#### PROBLEM TO SOLVE
Type out the listing below exactly. Pictures stay out of it.

#### RECORDED INFORMATION
____

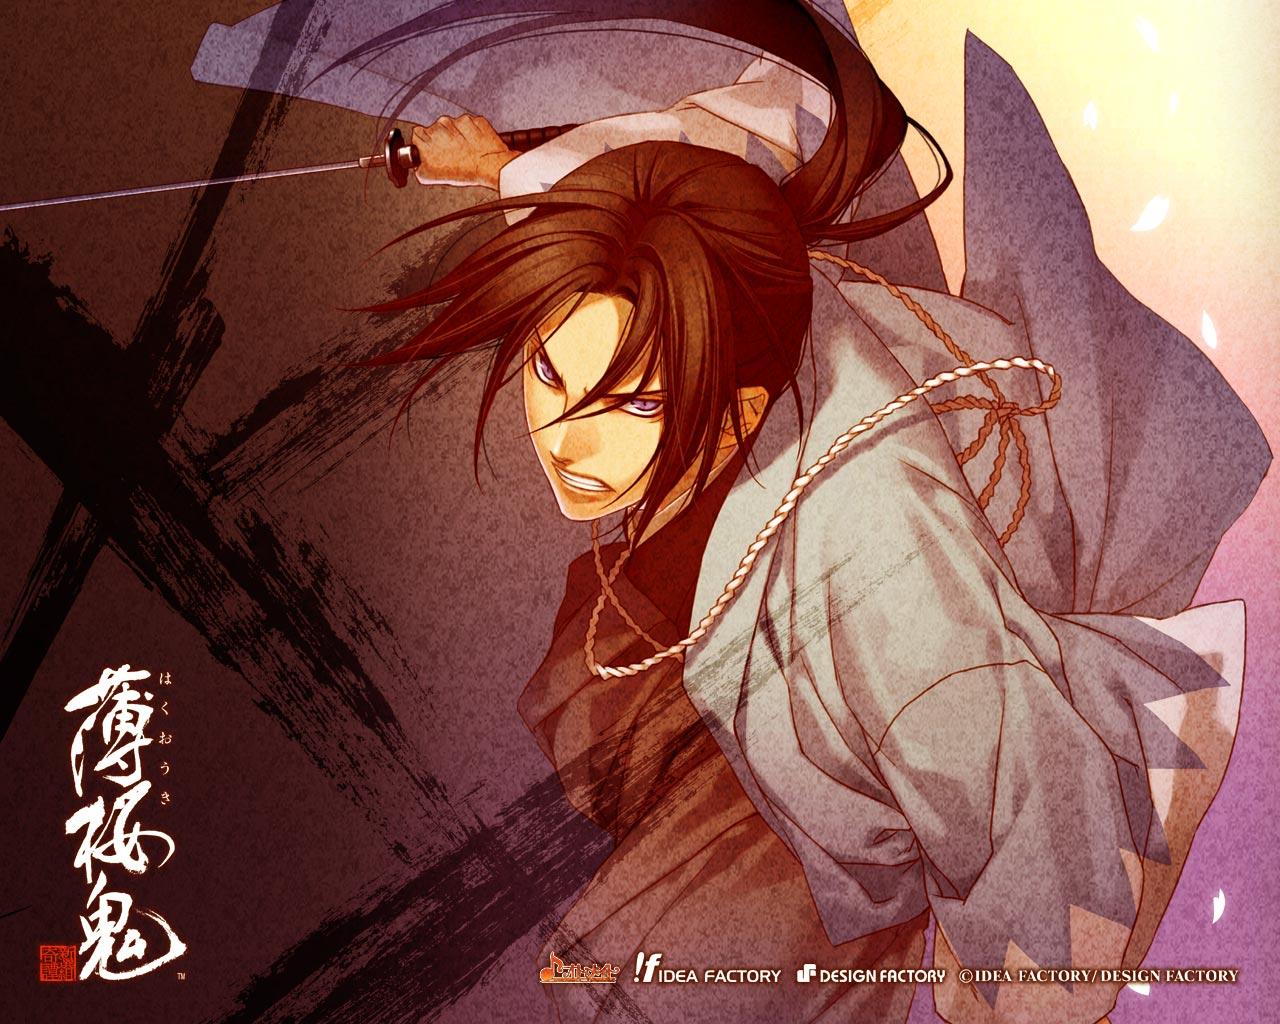 http://2.bp.blogspot.com/_jV241FFac4E/TTpHVKASZJI/AAAAAAAAAvY/bvQchn01vZI/s1600/hakuouki_hijikata_toshizou_wallpaper_1280x1024.jpg
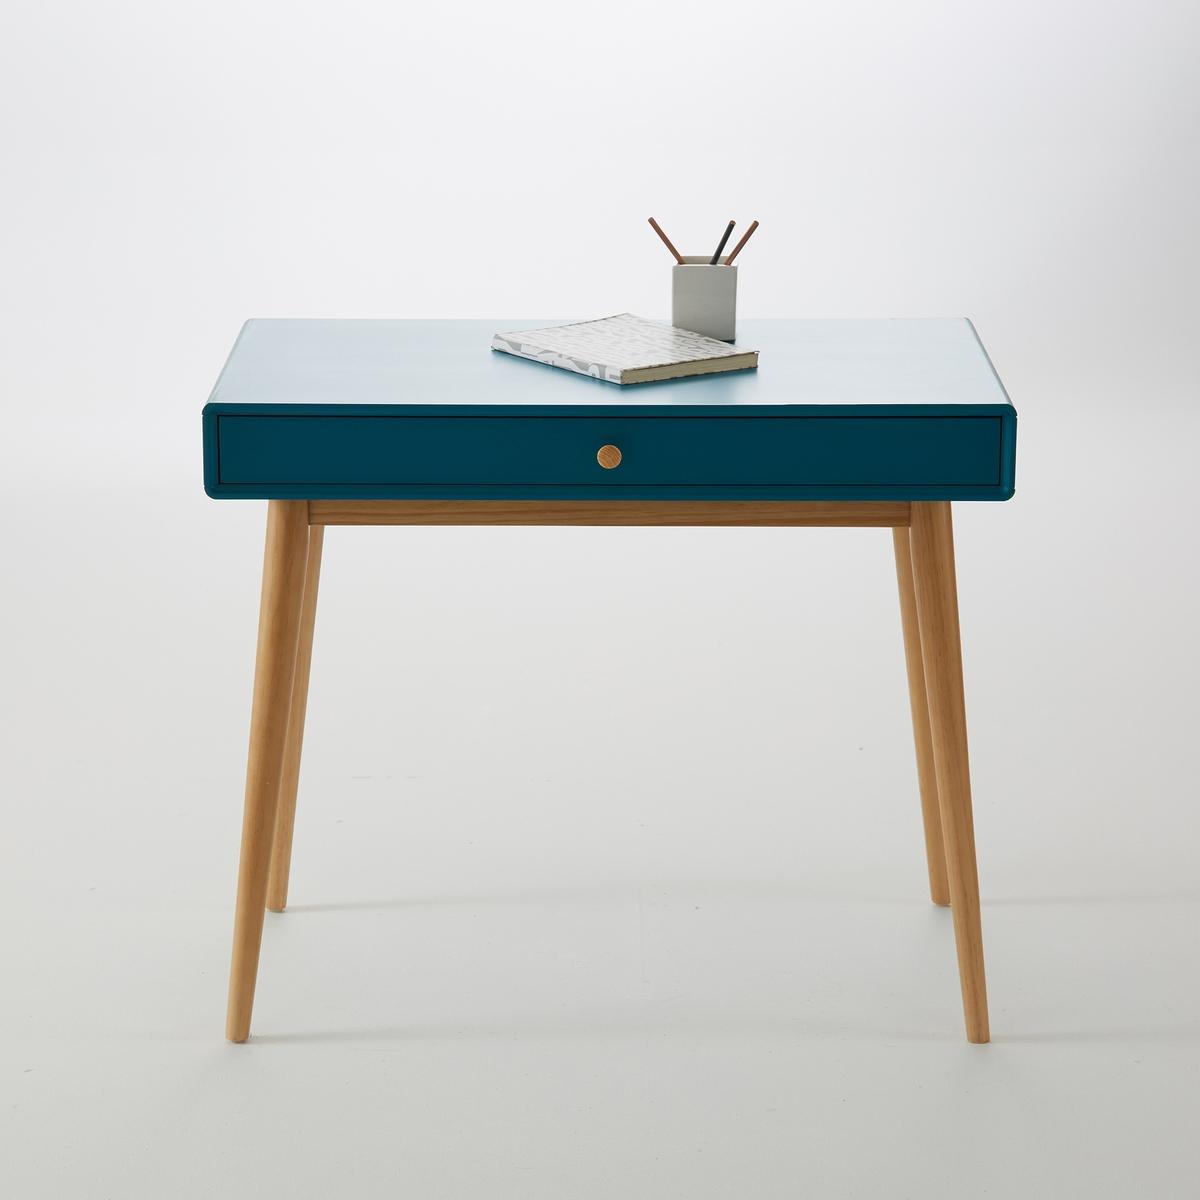 Стол La Redoute Письменный с ящиком JIMI единый размер синий стол la redoute письменный из массива сосны на треноге jimi единый размер белый
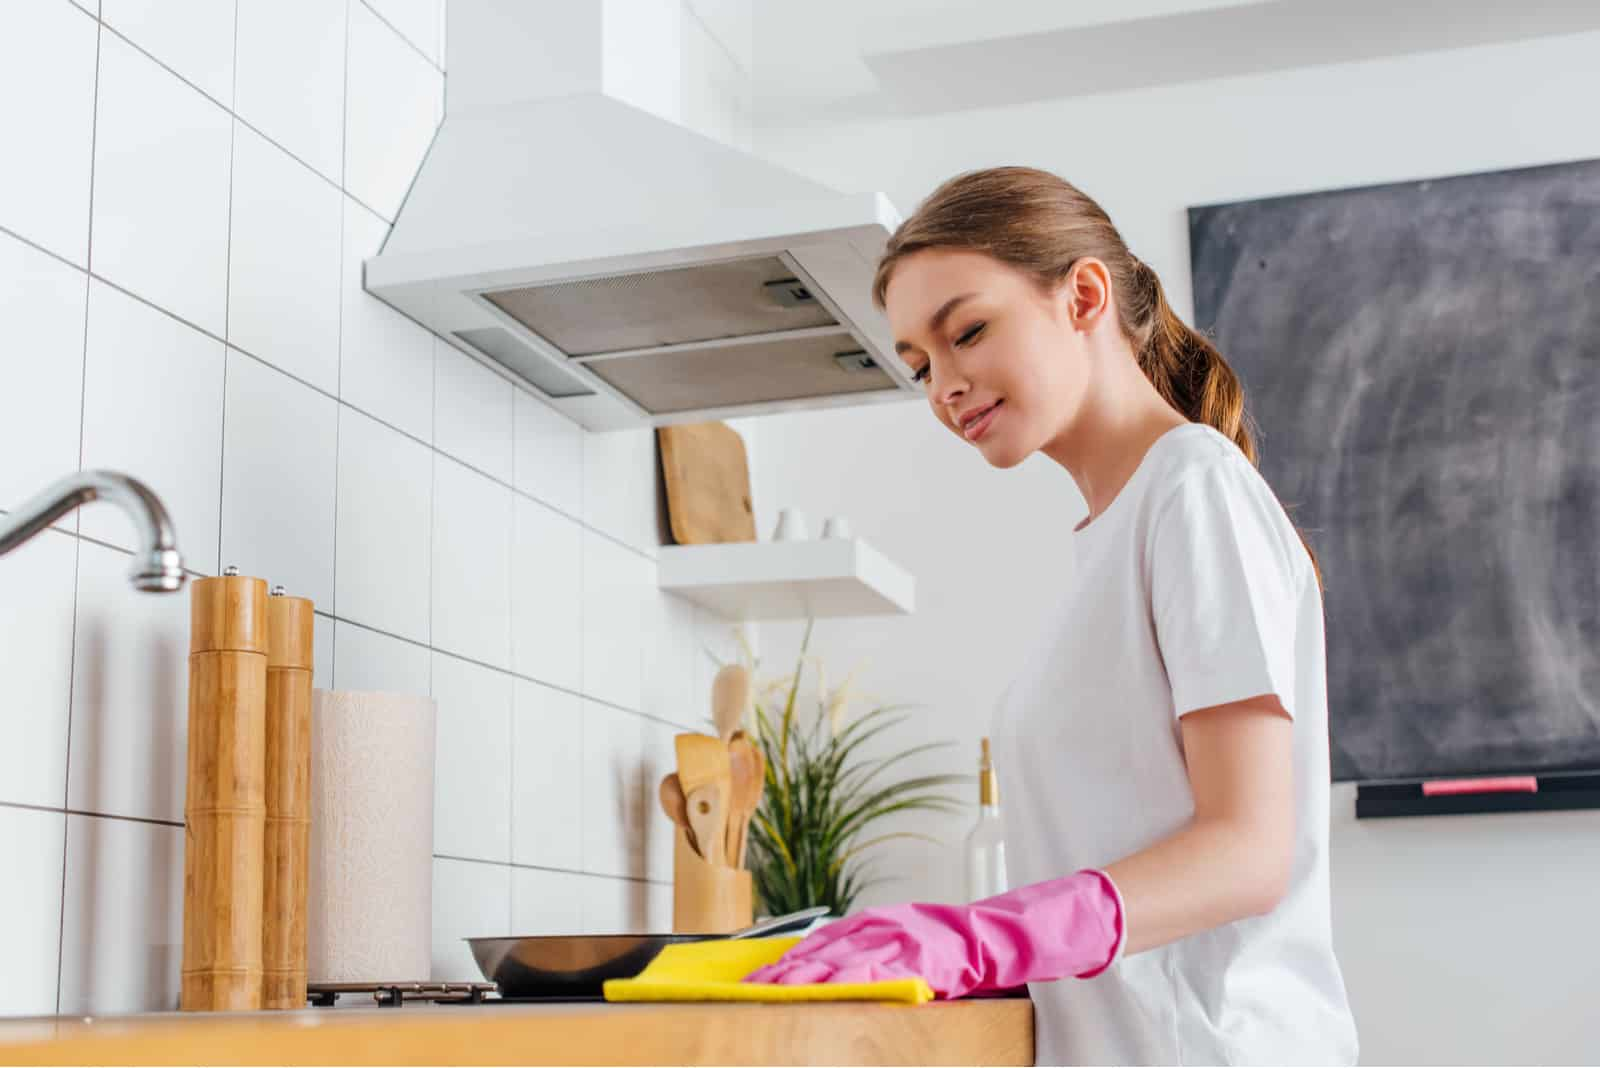 Jeune femme cuisine propre avec gant à portée de main

____

#### SOLVED PROBLEM
 http://2.bp.blogspot.com/_jV241FFac4E/TTpHVKASZJI/AAAAAAAAAvY/bvQchn01vZI/s1600/hakuouki_hijikata_toshizou_wallpaper_1280x1024.jpg
 Стол La Redoute Письменный с ящиком JIMI единый размер синий стол la redoute письменный из массива сосны на треноге jimi единый размер белый
 Jeune femme cuisine propre avec gant à portée de main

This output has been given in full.